In celebration of Hispanic Heritage Month, the Center for Diversity and Inclusion presented an evening with Richard Blanco on Monday at the Student Center — South Houston Room.

Blanco is the first immigrant, Latino, openly gay and youngest person to be a U.S. Inaugural poet after he was a part of President Barack Obama’s second inauguration. He is known for his unique background, being an engineer who writes poetry, one who happens to have a multi-country background and a member of the LGBTQ community.

Merging engineering and poetry comes easy to Blanco, who worked as a full time engineer even during his writing Master of Fine Arts program. Blanco said it is beneficial to have an artistic viewpoint in every field of study.

“Your generation will have to live much more dynamic lives, not just in terms of knowledge, but in global perspective,” Blanco said. “I always say that you should have a liberal arts approach to life, even if you do not get a liberal arts degree, because life will teach you that anyway.”

Blanco believes the same narrow thinking plague poets as well.

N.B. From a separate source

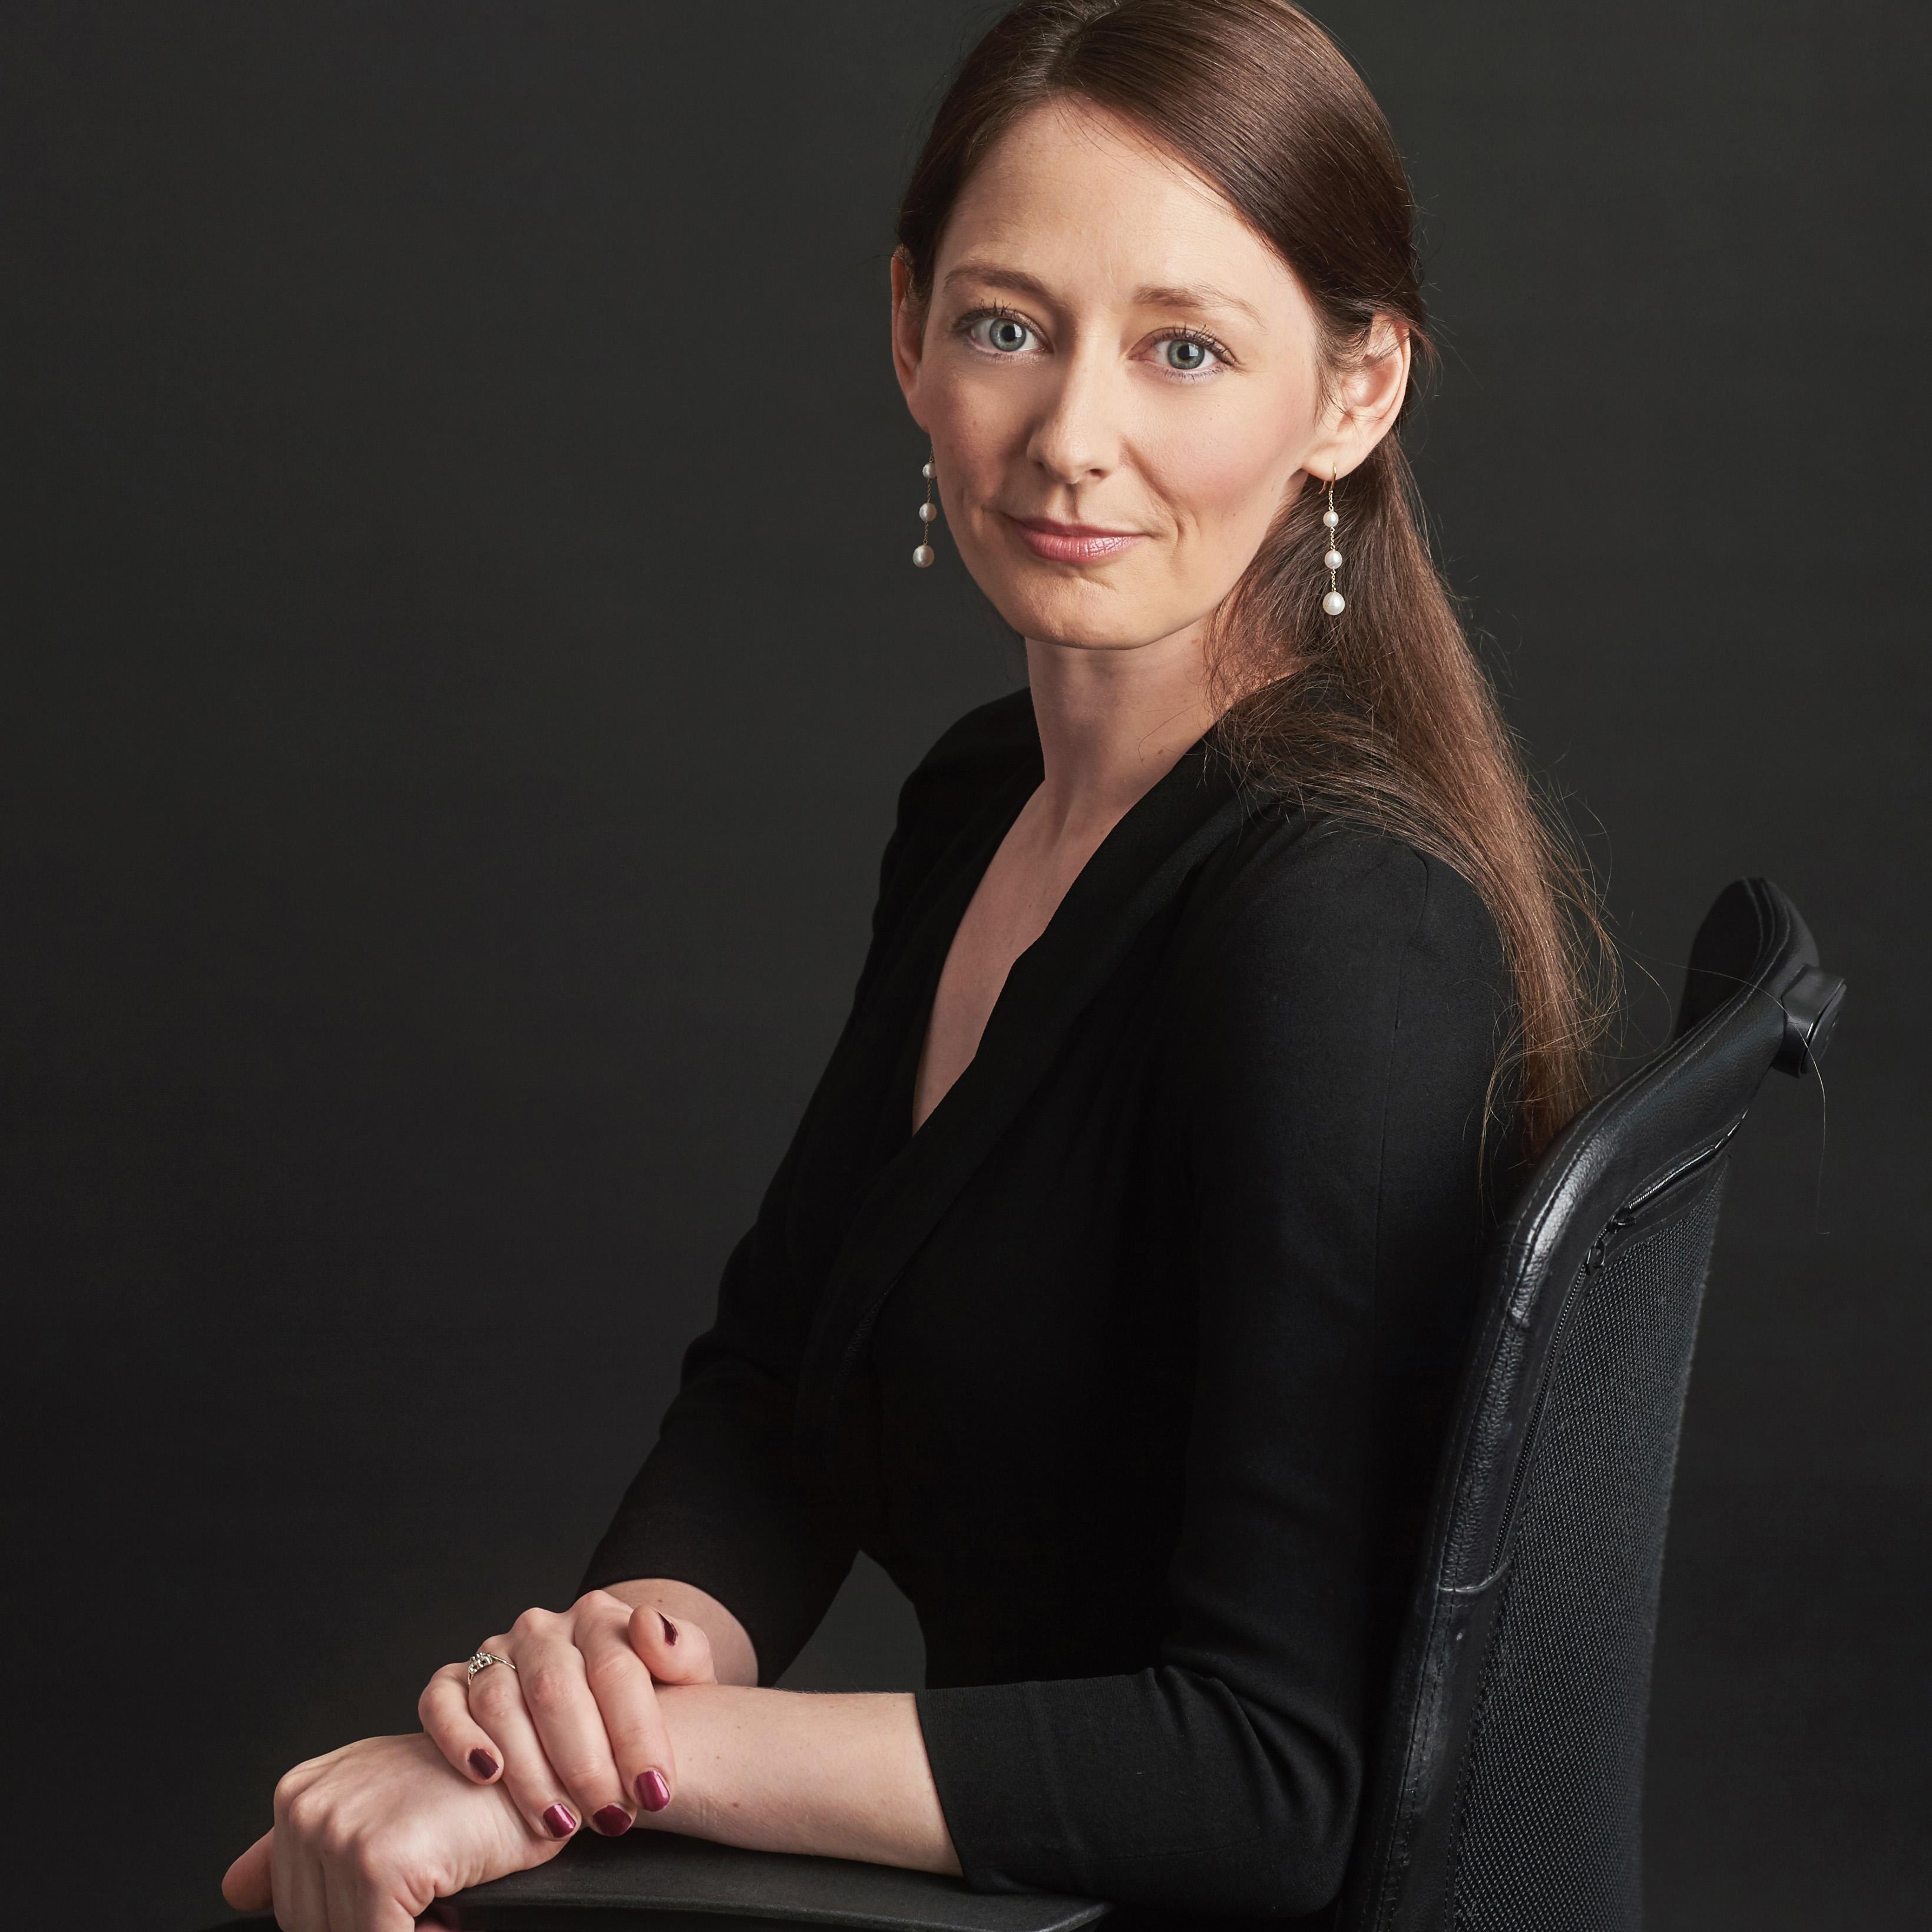 Dr. Catherine Taroni

As a member of different fields, Blanco has a perspective of how both groups of people operate and how they can integrate their passions.

“Artists suffer from reductionist thinking as well,” Blanco said. “Poets think that they cannot be anything but a poet, that if you do something else, you will be branded as a sellout. There is this misconception that if you don’t subscribe to every stereotype for your career, you won’t be taken seriously.”

With a spotlight on getting a degree rather than an education, Blanco warns against students getting pushed into one niche during their college tenure.

“There is a little bit of an outdated model of perception that we are going to study one thing, work at a company (and) get a pension,” Blanco said. “Your generation is going to live to be 120. You will not be doing something for 80 years, so you have to think about how you can broaden the scope and look at your passions that way. In many universities, there is a knee-jerk reaction to a weakened economy that slices students even thinner, but students should be looking at things broadly.”

Blanco, who is proud to say he was “made in Cuba, assembled in Spain and imported to the United States,” inspired fellow writers and students alike to continue their passions. When asked to relay one of his poems to a large audience, he chose “Looking for the Gulf Motel.”

Associate Director for Mexican-American Studies Lorenzo Cano teaches the Hispanic Identity class. He said that he invited his students to Blanco’s presentation as way of showing the diversity in Hispanic culture and an insight on Cuban-American culture. .

“We can celebrate how we are different and find out how we are the same in the same moment,” Blanco said. “Poetry allows us to see one another. There is something universal about this particular story about my Cuban family going on vacation, and so the poem spun around that. The reason I am (at UH) is to celebrate national Hispanic heritage month, but it’s really to bring into the fold different cultures.”